Friday, February 19, 2010
Biscayne Bay
After raising the anchor at 8am, we motored west back to the ICW ran up the Miami River until we were blocked by freighters maneuvering in channel; by that time we were actually pretty close the Miami International airport. The Miami River is quite industrial, with shipyards, condos, crab fishing fleets all 'cheek to jouwel'. After re-entering the ICW we toured the Bayside marina/shopping complex; would have stayed for a short stroll and even a Cuban coffee but they charge $15.00 for a hour at their day-use docks. So we proceeded south and checked out the marine stadium area off Virginia Key. Michael had a crew meet or two down here in years past; interesting to see from the water. Trip down Biscayne Bay was very nice with warm weather and calm conditions. Tied up in Elliot Key national park boat basin at 4pm after 38 nm. today.
Crab fleet docked along the Miami River.
Here's freighters being maneuvered. We can't figure out how they turn these guys around anywhere along the Miami River, especially here in the western section.
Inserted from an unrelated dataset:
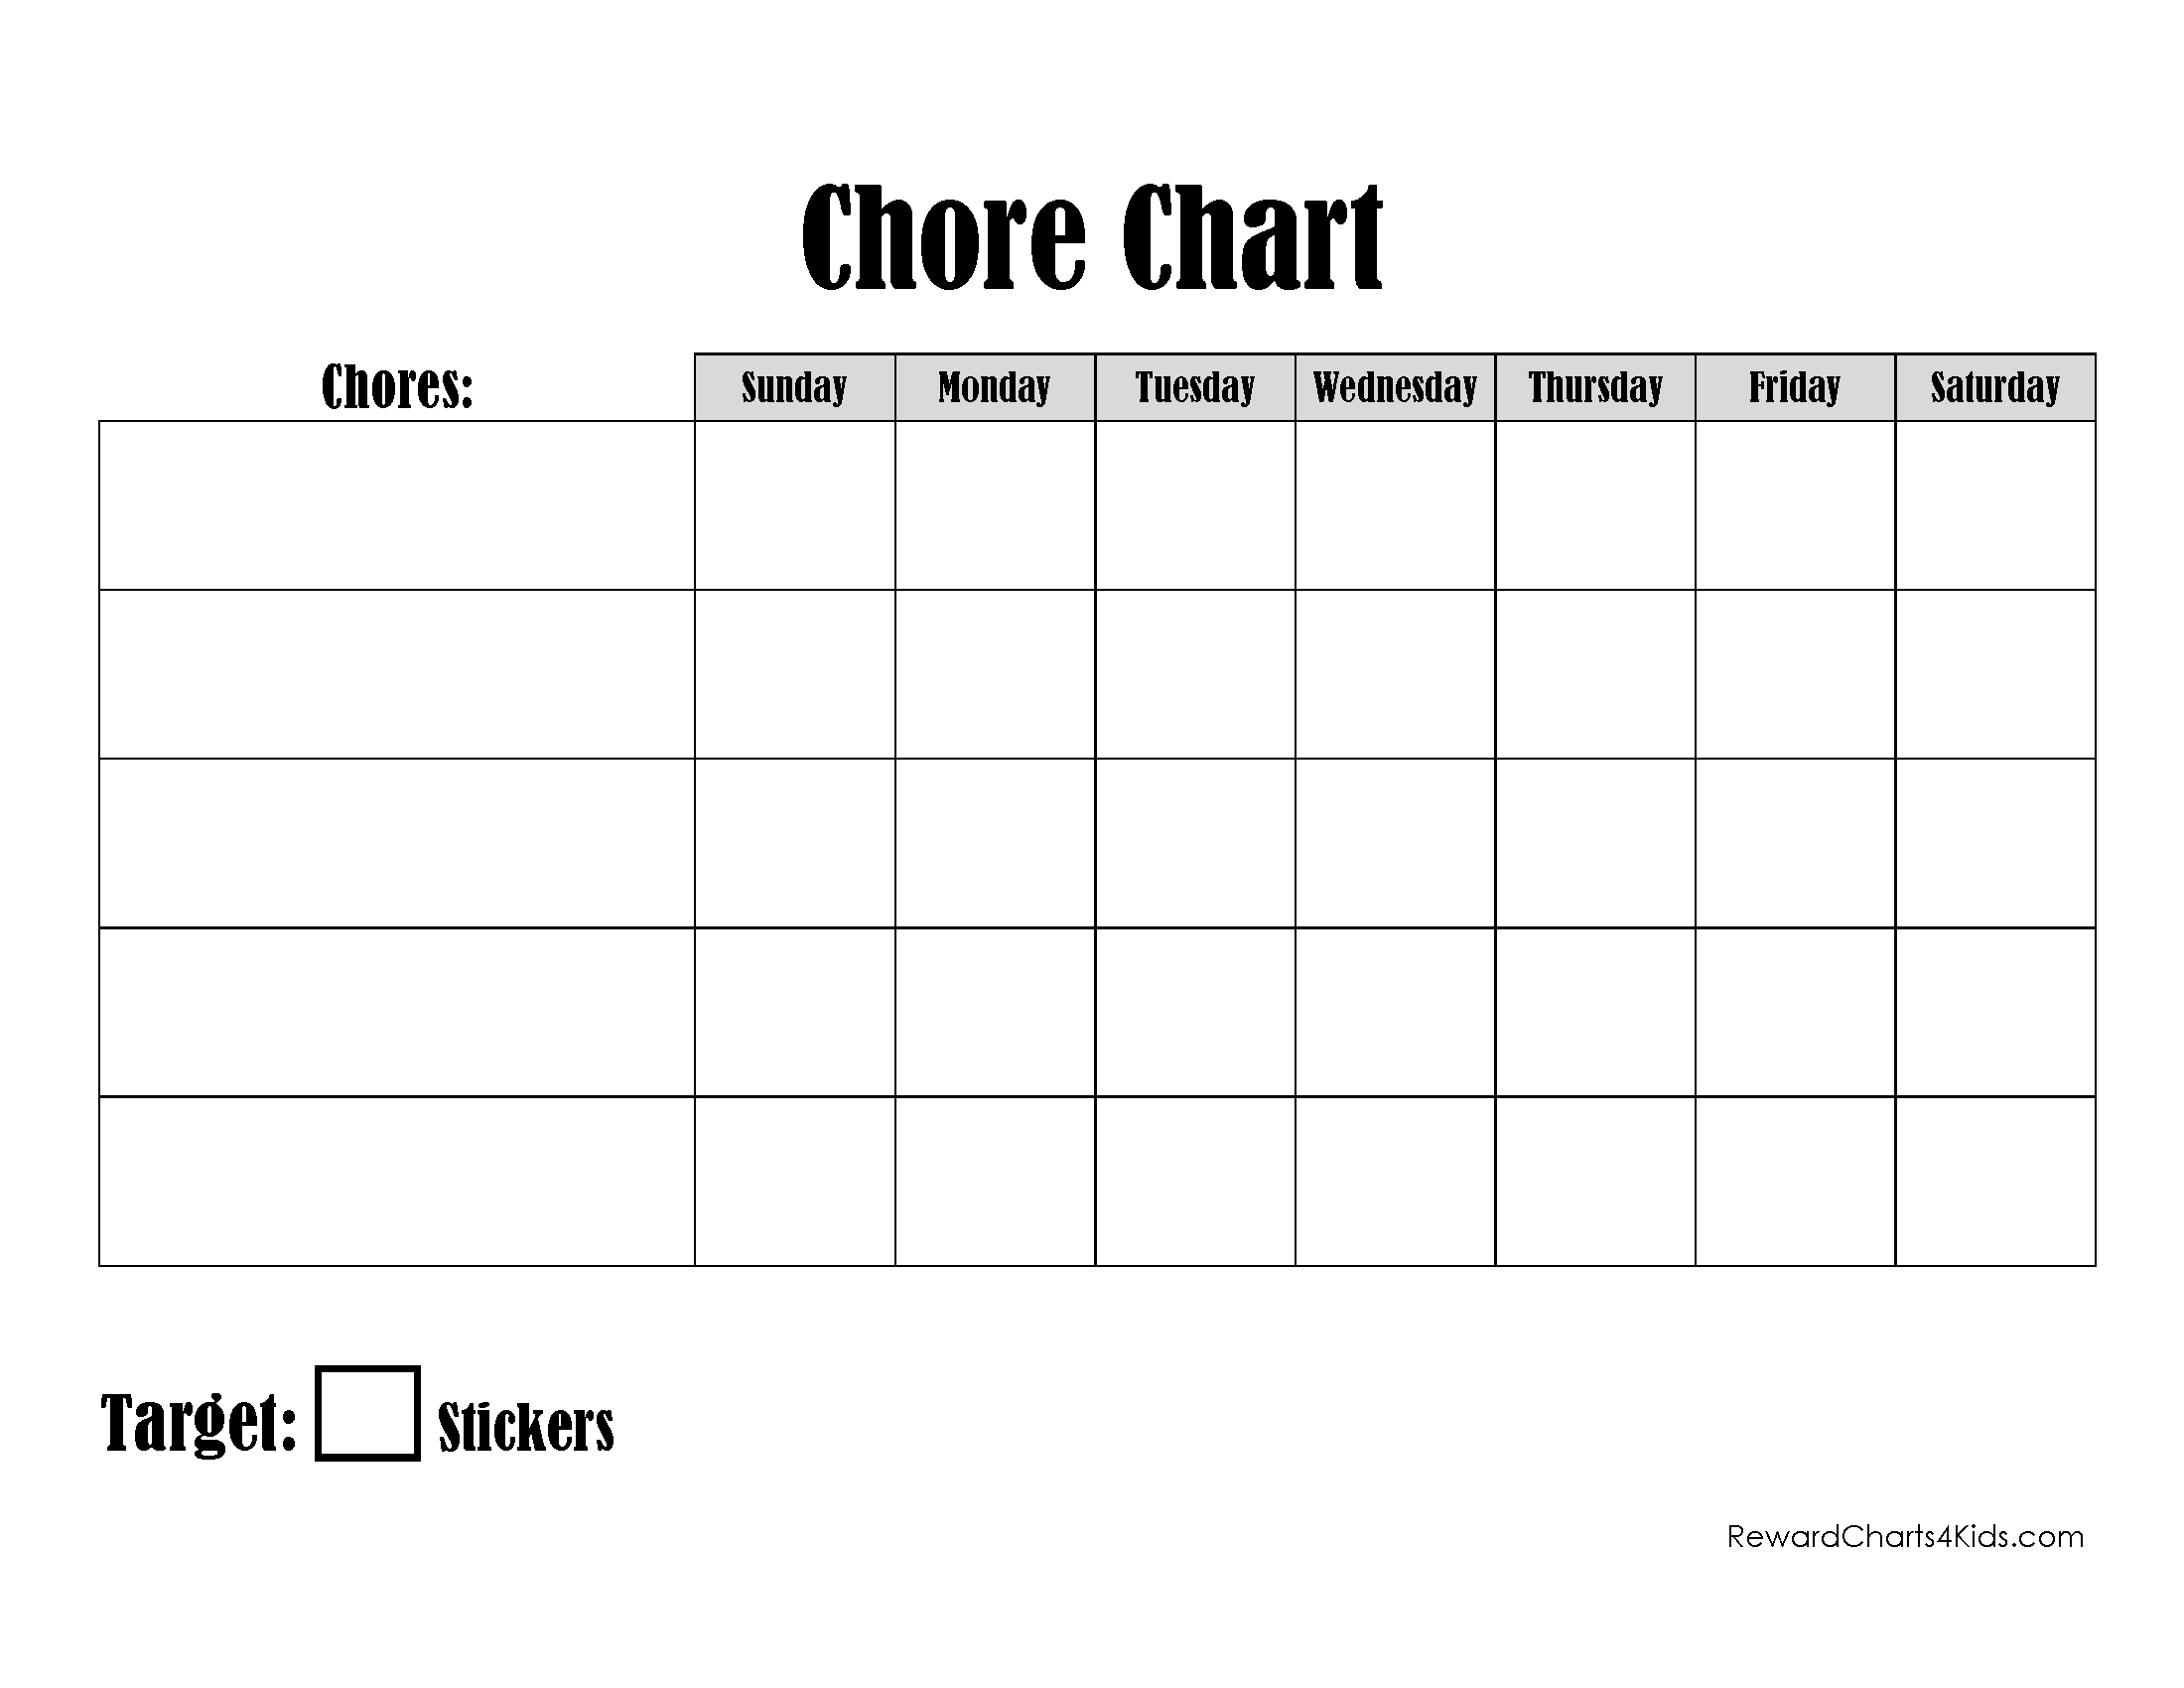 pin-by-susan-wagnon-on-charts-chores-chore-chart-chore-chart-template-preschool-chore-charts

These four motor yachts (click on each to higher rez versions) have all had several damage inflicted on them. First two are 50-something foot Atlantis sportcruisers and the other two are Azimut 47 foot flybridge models. All four made by the Azimut/Benetti Group in Italy. They are all on the hard at the Dodge Island container and cruise ship port docks. They all appeared to be brand new. We wonder what catastrophe occurred on their delivery to Miami, and if they are on the next ship back to the factory for repair?
After a bit of googling, it seems that this ship, the Seaboard Intrepid, arrived about two weeks before our arrival down here. Could the Azimut and Atlantis motoryachts be under this mess? The US Coast Guard had alerts out about 30 shipping containers having fallen off this 544 foot long ship about 30 miles south of Key West.
This is one of the passages thru the reef to the Atlantic ocean that's south of Key Biscayne in the vincity, as you can see, of Stiltsville. A dozen or so home built on stilts.
All of them in very shallow water of just a couple of feet. Here's what it looked like approaching one of the homes.
The one had docks but numerous keep-out signs posted.
Elliot Key is US national park, with a nice small boat basin. Think we saw about 3.2 feet as the shallowest water on approach. Inside water is 5 feet or more. Park Service charges about $20 for an overnight stay onboard; cold showers included! Rich braved it--in the summer we suspect those ambient-temperature showers are satisfactory, but not with the weather were having this winter.
There's a 1/2 mile long boardwalk on the ocean side of the Key.
Turtle carcass sans shell.
A good amount of floatsam washed up too.